[The morning
after watching an Elia Kazan film, "America, America," I woke up with
the beginning of this story in my head, so I got up and started writing.
Clearly, the film was my inspiration, although the events in my story were not
in Kazan's, and his setting is not mine.]
Once It Begins, It
Goes On and On©
P. J. Grath
Here is a picture of my beloved, so big and strong he was!
That morning he went to church with his sister, it happened. He never came
home, and now I will never marry. That is reality in our little village.
It was not always so. We all used to live together like a
family.
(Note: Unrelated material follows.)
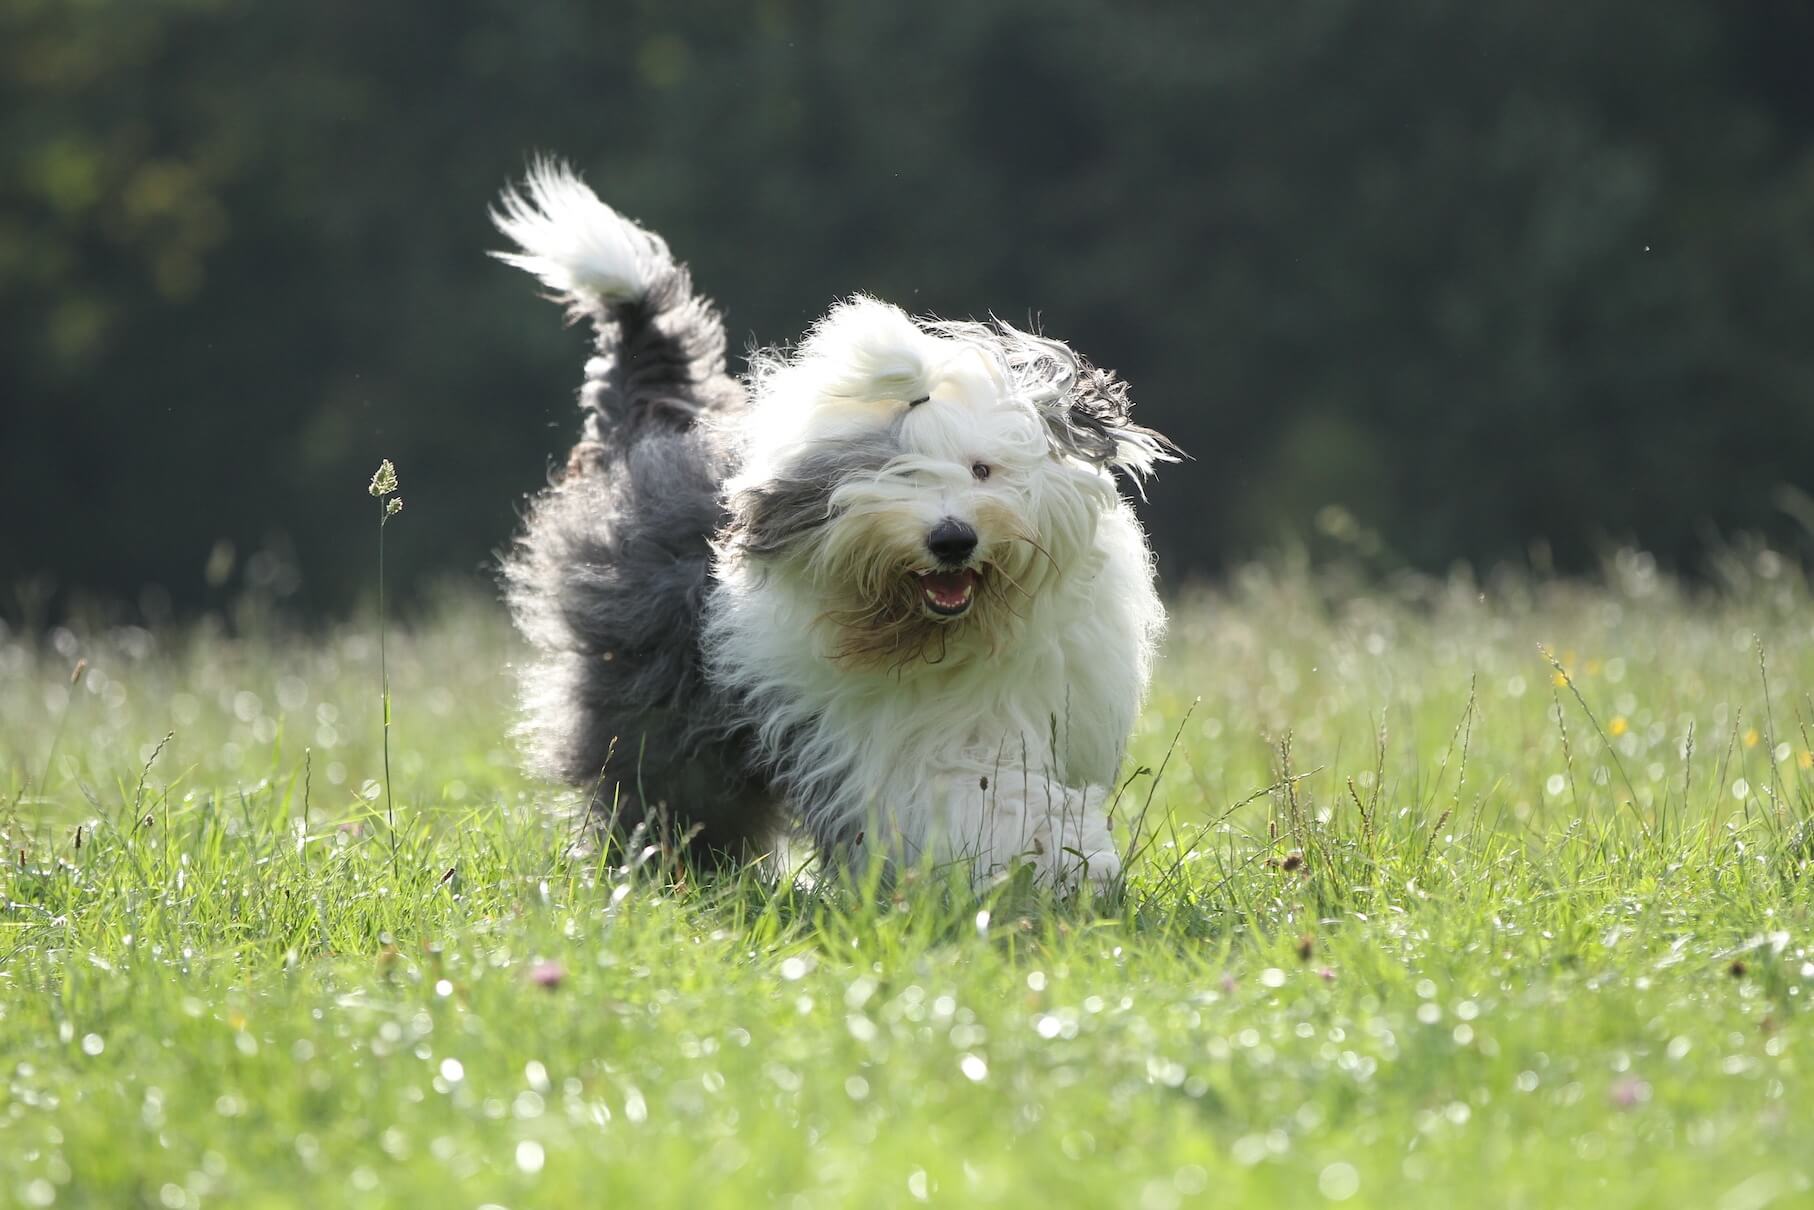 A Bobtail dog running through the grass
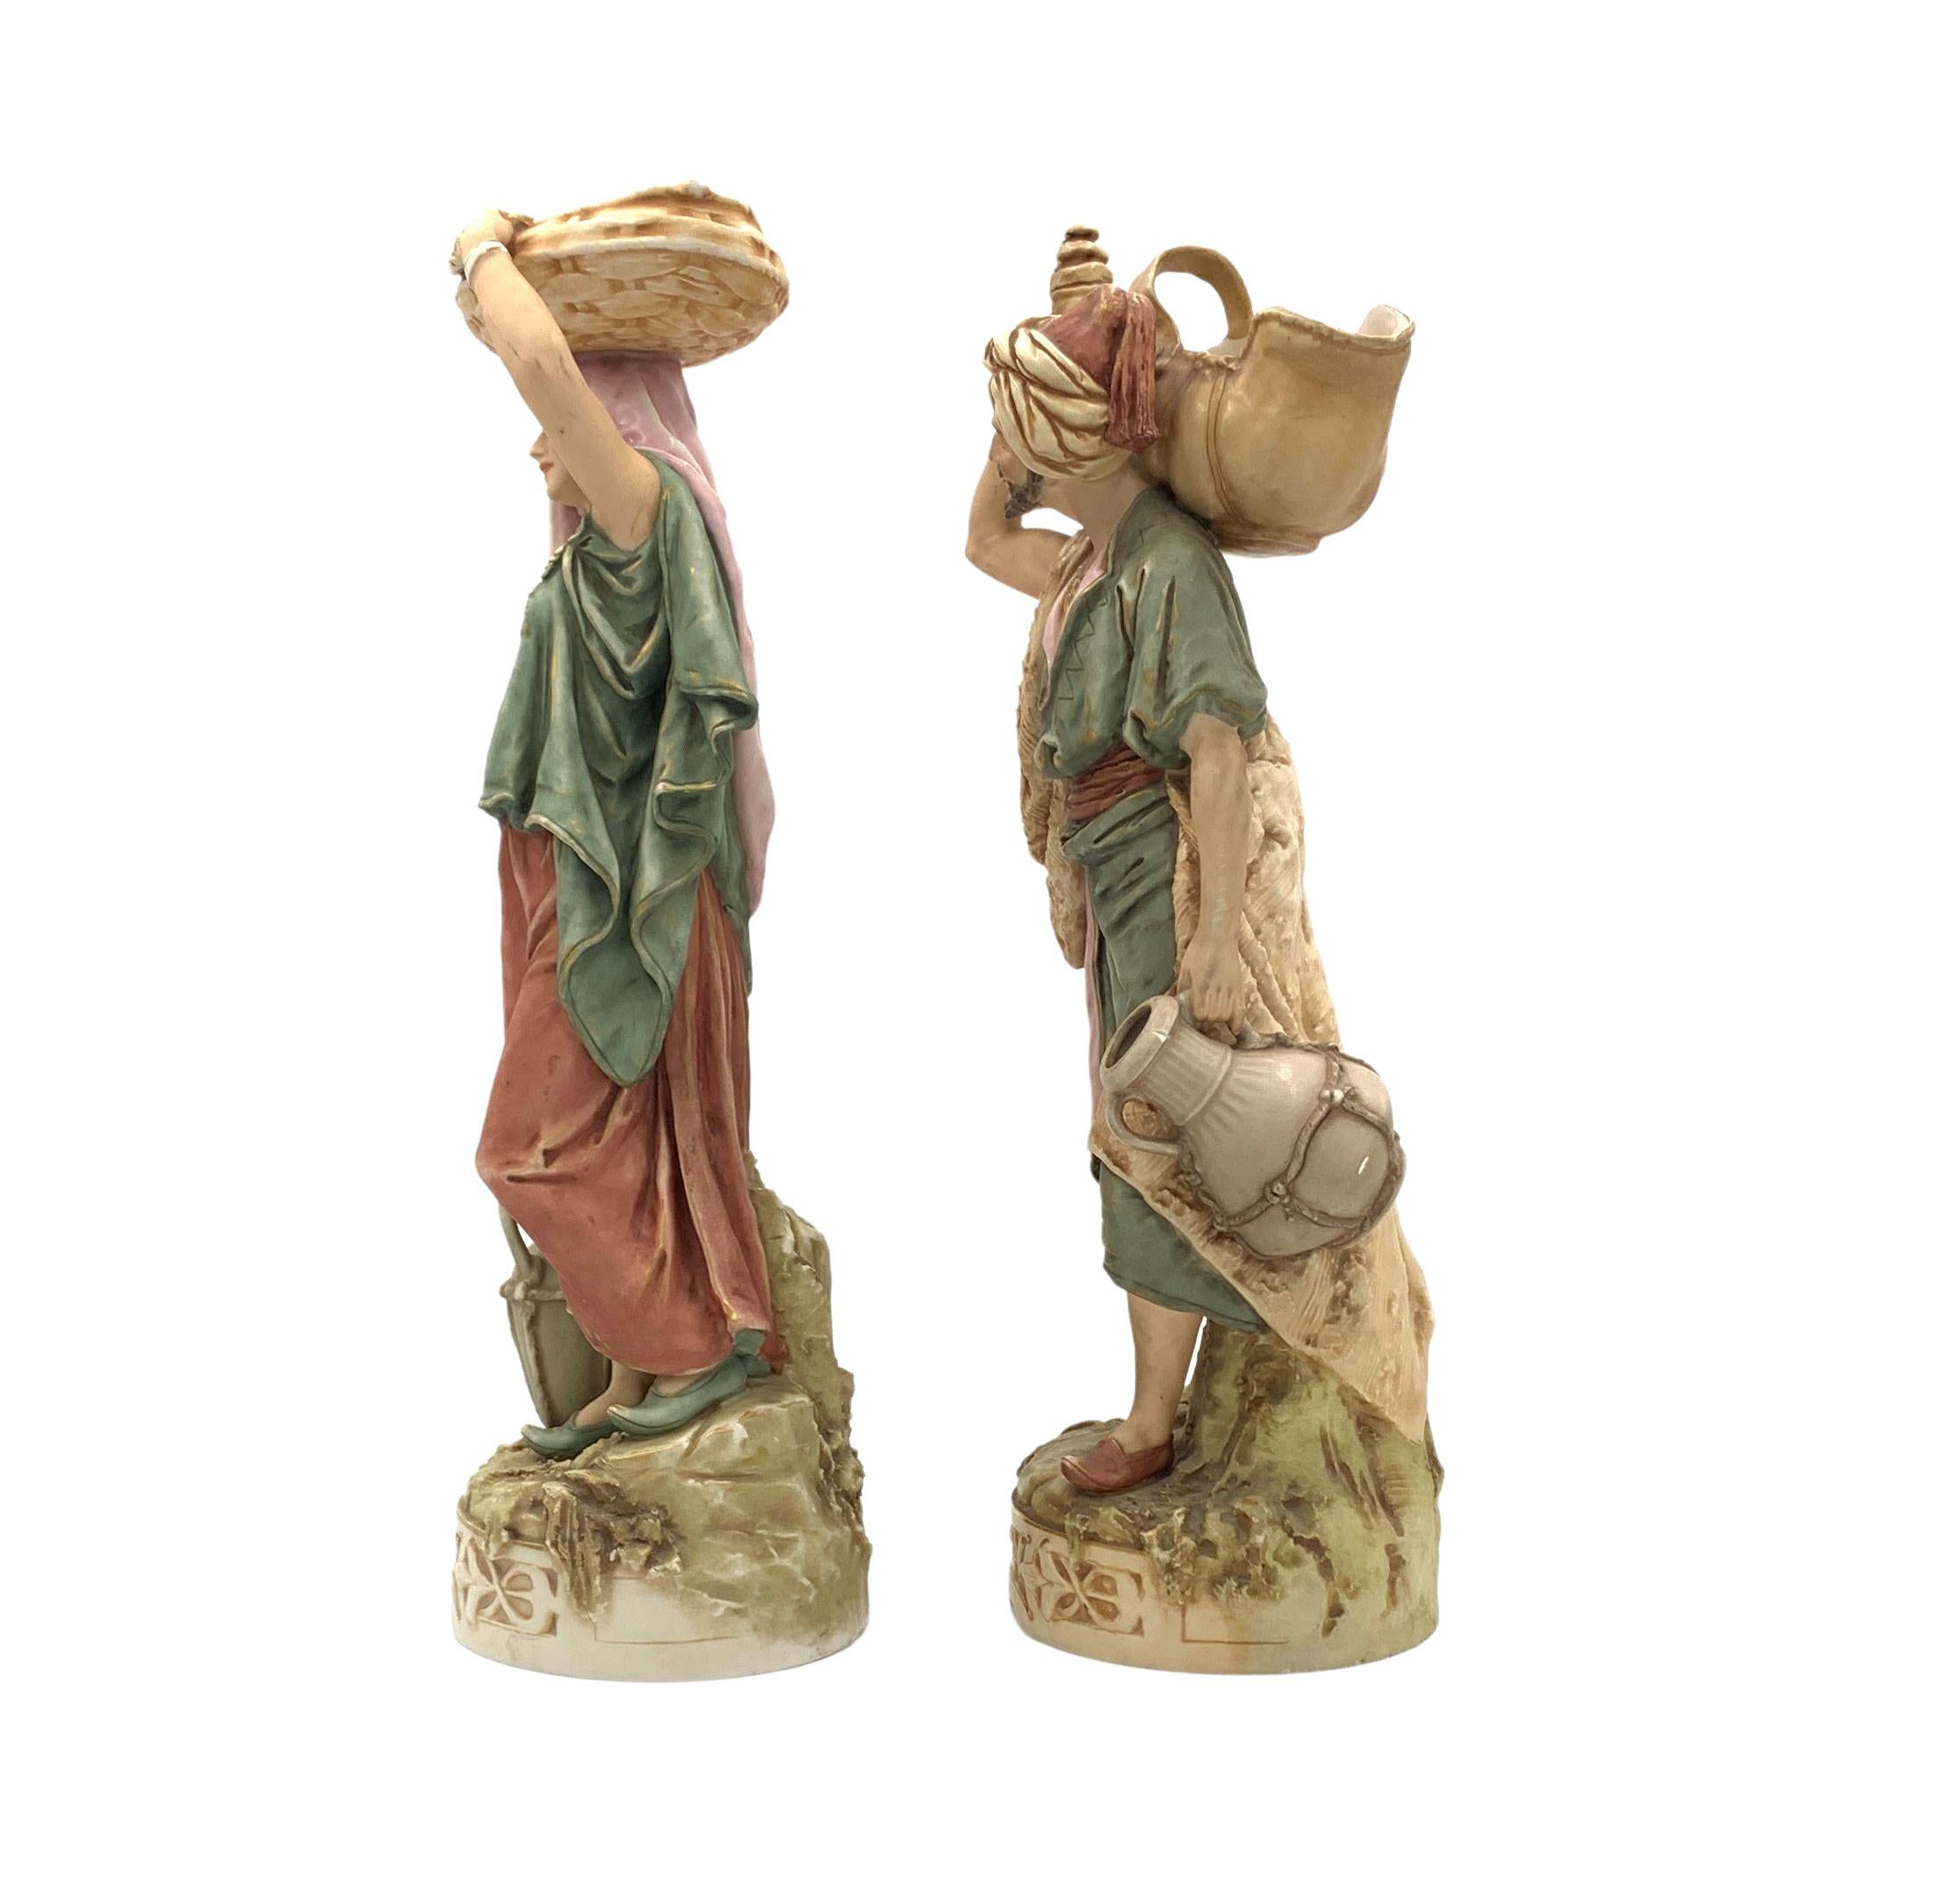 Paar Royal Dux Bohemia Porzellanfiguren eines östlichen Wasserträger und seine Begleiterin, Eine feine böhmische Royal Dux Porzellanfigur, wurde dieses Paar in der Tschechoslowakei zwischen 1900-1918 gemacht, Er trägt ein Horn-förmigen konischen

The Alwadi people and the Mazawa people went to school together, farmed
together, owned businesses together, married each other, – anything you can
imagine people doing here, we did together, despite tribal and religious
differences. The old ones remember that way of life, but all the young ones
know is hatred. What no one can recall is how the old way gave way and became
what it is today. It is as if it happened overnight, but surely that cannot be
so, can it?
My own father was Mazawa. He was killed in the first
fighting. By an Alwadi? I will never know, and that’s best, because my mother,
after all, is Alwadi. Which am I? You tell me. When I have to leave the house,
I go with my face covered and my head down. We no longer have friends or
neighbors. No one can trust anyone.
What I am telling, this big change, if it did happen
overnight, it had to have happened the night before my father was killed, but my thinking
cannot wrap around that thought and push it back further, because everyone,
Alwadi and Mazawa, loved my father. There was no reason for anyone to kill him.
An accident it had to be. But if he had fallen from a roof or been kicked in
the head by a mule – other ways of dying by accident – no one would have
thought of revenge. So, since revenge was the first thought, hatred must have
begun already in men’s minds, mustn’t it? Could one man start such hatred? Who
could it have been? Why? Over what? It seems impossible, and yet it had to
start somewhere before it could spread, isn’t it so?
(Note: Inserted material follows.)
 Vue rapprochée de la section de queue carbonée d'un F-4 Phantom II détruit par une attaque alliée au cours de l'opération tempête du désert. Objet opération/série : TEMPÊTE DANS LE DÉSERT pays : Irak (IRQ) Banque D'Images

What a shame my beloved’s sister came back here! She had
married and was living in Morocco, safely out of the way. Then her husband
died. She’d had a child and wanted to bring him back to her own home to raise
him. Stupid! What kind of future does a boy have here? If she hadn’t come back,
would her brother have been in church with her that morning? No, he would have
been safe, she would have been safe, her child would have been safe.
Naturally, the bomb was set off on the men’s side of the
church, so his sister, on the other side with her baby boy, escaped unharmed.
Physically unharmed, that is. The men were buried in the rubble of the church’s
collapse.
This is all I have now – this grave to visit, this
photograph to hold. If I could find the man who started all this, I would kill
him with my own hands. It would not bring back my beloved, but what else have I
to live for if not revenge?
4/2/2013
2 comments:
I have not seen the movie, but this is good. Sad. What will become of her? Of her village? Of the sister and her son?
I don't have answers, but your questions give me hope that my little story felt real to you.